Question

Question: Figure shows the potential energy U (x) of a solid ball that can roll along an xaxis. The scale on the Uaxis is set by U_s =100j. The ball is uniform, rolls smoothly, and has a mass of 0.400 kgIt is released at x = 7.0 mheaded in the negative direction of the xaxis with a mechanical energy of 75 J (a) If the ball can reach x = 0 m, what is its speed there, and if it cannot, what is its turning point? Suppose, instead, it is headed in the positive direction of the xaxis when it is released at x = 7.0 m with 75J(b) If the ball can reach x = 13m, what is its speed there, and if it cannot, what is its turning point?

Short answer

Answer

1. The ball does not reach x = 0 m. The turning point of the ball is at x = 2 m .
2. The ball reaches the pointx = 13 m . Its velocity there is 7.3 m.

Step-by-step solution

Given

1. The mass of the ball is M = 0.4 KJ
2. The mechanical energy of the ball at x =7 is 75J

To understand the solution

Using the law of conservation of energy, we can find the P.E at the turning point. Then observing the graph, we can find that point. From that, we can conclude whether the ball reaches x = 0 m.

For part b, by observing the graph, we can conclude whether there is a turning point at x = 13 m. Then we can use the law of conservation of energy to find the total energy at point x = 13 m.

From the graph, we will get the P.E at that point. Then substituting it in the total energy, we will get the total K.E of the ball at x = 13 m. Then substituting$\omega$in terms of v and the M.I of the ball (sphere) we will get the value for velocity of the ball at the point x = 13 m.

The law of conservation of energy is,

U + K = Constant

The angular velocity is given as-

$\mathbf{\omega }\mathbf{=}\frac{\mathbf{v}}{\mathbf{R}}$

(a) If the ball can reach , Calculate its speed there, and if it cannot, calculate its turning point

Let the turning point be A.

The energy at x = 7.0 m is 75 J. So, according to the conservation of energy, the energy at point A is,

$$\begin{gathered} E=K+U \\ =\frac{1}{2}m{v}^2+\frac{1}{2}I{\omega }^2+U \\ =75\text{J} \end{gathered}$$

At the turning point, velocity and angular velocity is zero. So, the above equation becomes,

. U = 75 J

From the given graph, we can infer that it is at point X = 2.00m.

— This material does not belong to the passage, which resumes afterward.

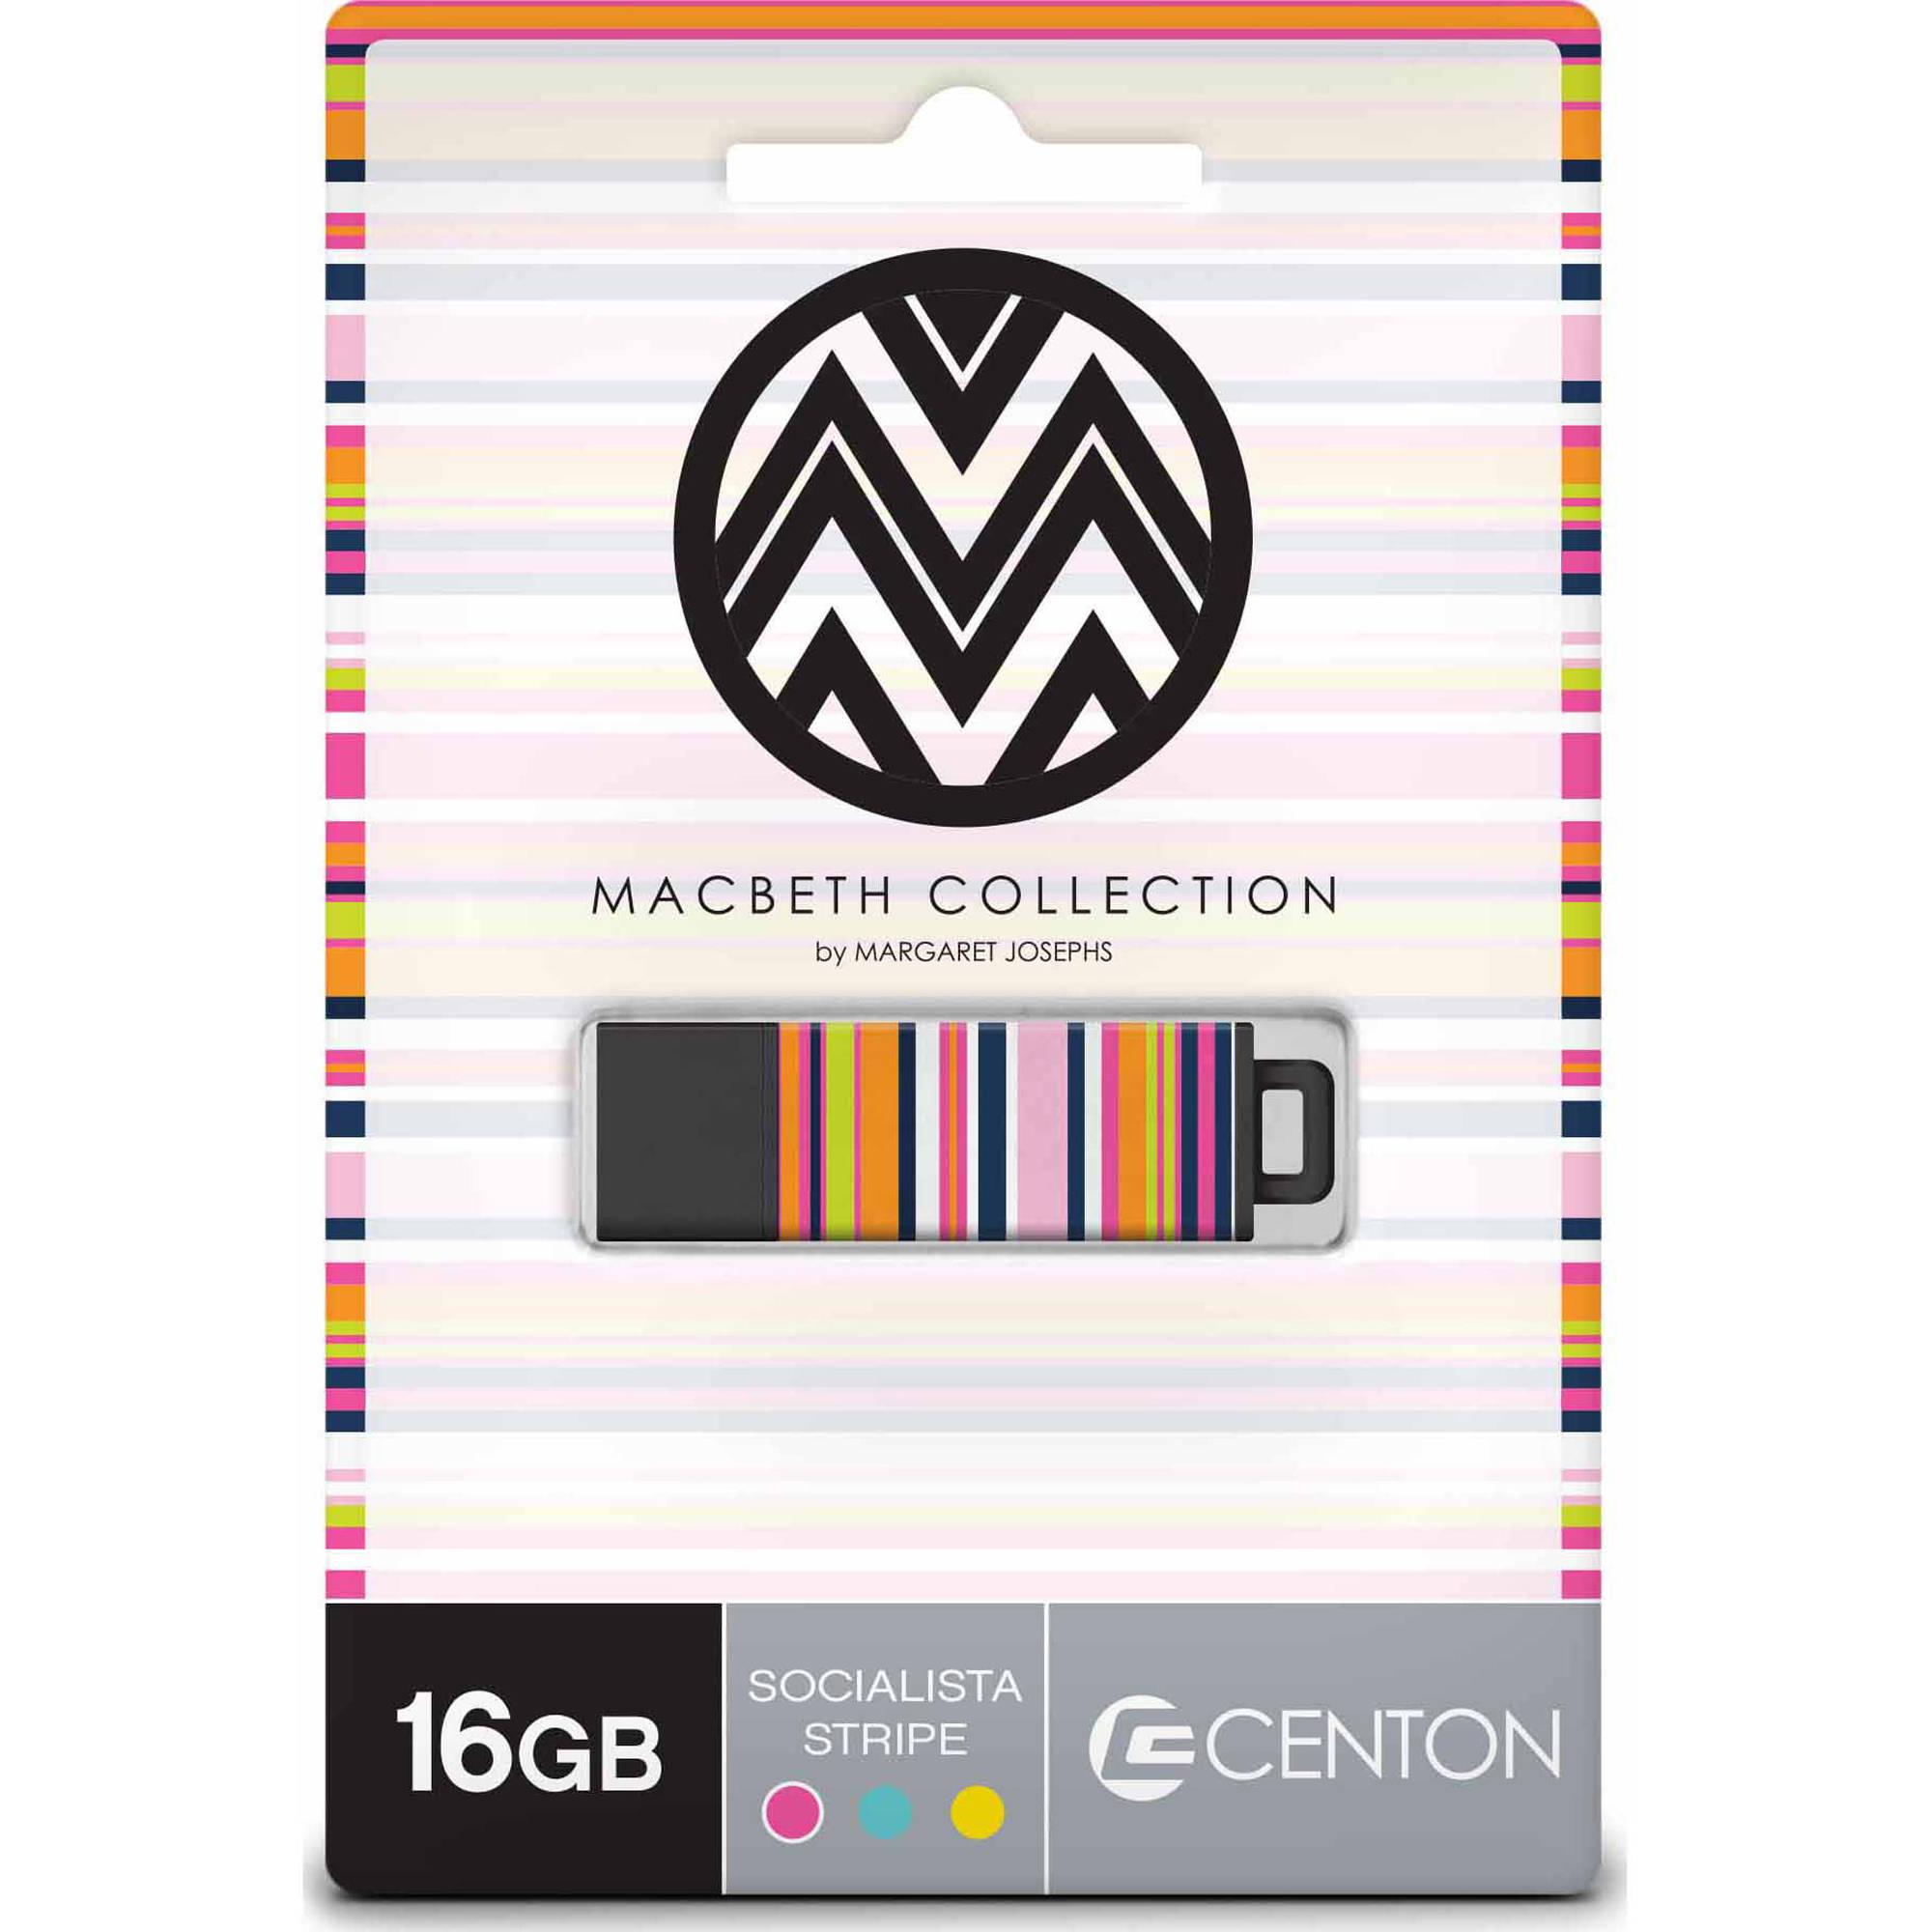 Centon 16GB PRO2 Macbeth USB Flash Drive, Soc Stripe

Therefore, we can conclude that the ball does not reach the origin.

(b) If the ball can reach , calculate its speed there, and if it cannot, calculate is its turning point

From part (a), we can say that the turning point should have P.E (U) equal to 75J, and from the graph, we get there is no such point after x = 7.0 m. So, it is not possible to have turning point at x = 13 m .

By energy conservation, we can write that,

$$\begin{gathered} E=K_{translational}+K_{rotational}+U \\ =75\text{J} \\ \frac{1}{2}m{v}^2+\frac{1}{2}I{\omega }^2+U=75\text{J} \end{gathered}$$

From the given graph, we can infer that,

U = 60 J

So,

$$\begin{gathered} \frac{1}{2}m{v}^2+\frac{1}{2}I{\omega }^2+60\text{J}=75\text{J} \\ \frac{1}{2}m{v}^2+\frac{1}{2}I{\omega }^2=15\text{J} \end{gathered}$$

But, we know that rotational inertia the ball is,

$I=\frac{2}{5}M{R}^2$

The relation between v and ω is,

$\omega =\frac{v}{R}$

So,

$$\begin{gathered} \frac{1}{2}m{v}^2+\frac{1}{2}\times \frac{2}{5}M{R}^2(v^2/R^2)=15\text{J} \\ \frac{1}{2}m{v}^2+\frac{1}{5}m{v}^2=15\text{J} \\ \frac{7}{10}m{v}^2=15\text{J} \\ 0.7\left(0.4\text{kg}\right){\text{v}}^2=15\text{J} \\ v=7.3m/s \end{gathered}$$

Therefore, the velocity of the ball at point x = 13 m is 7.3 m/s.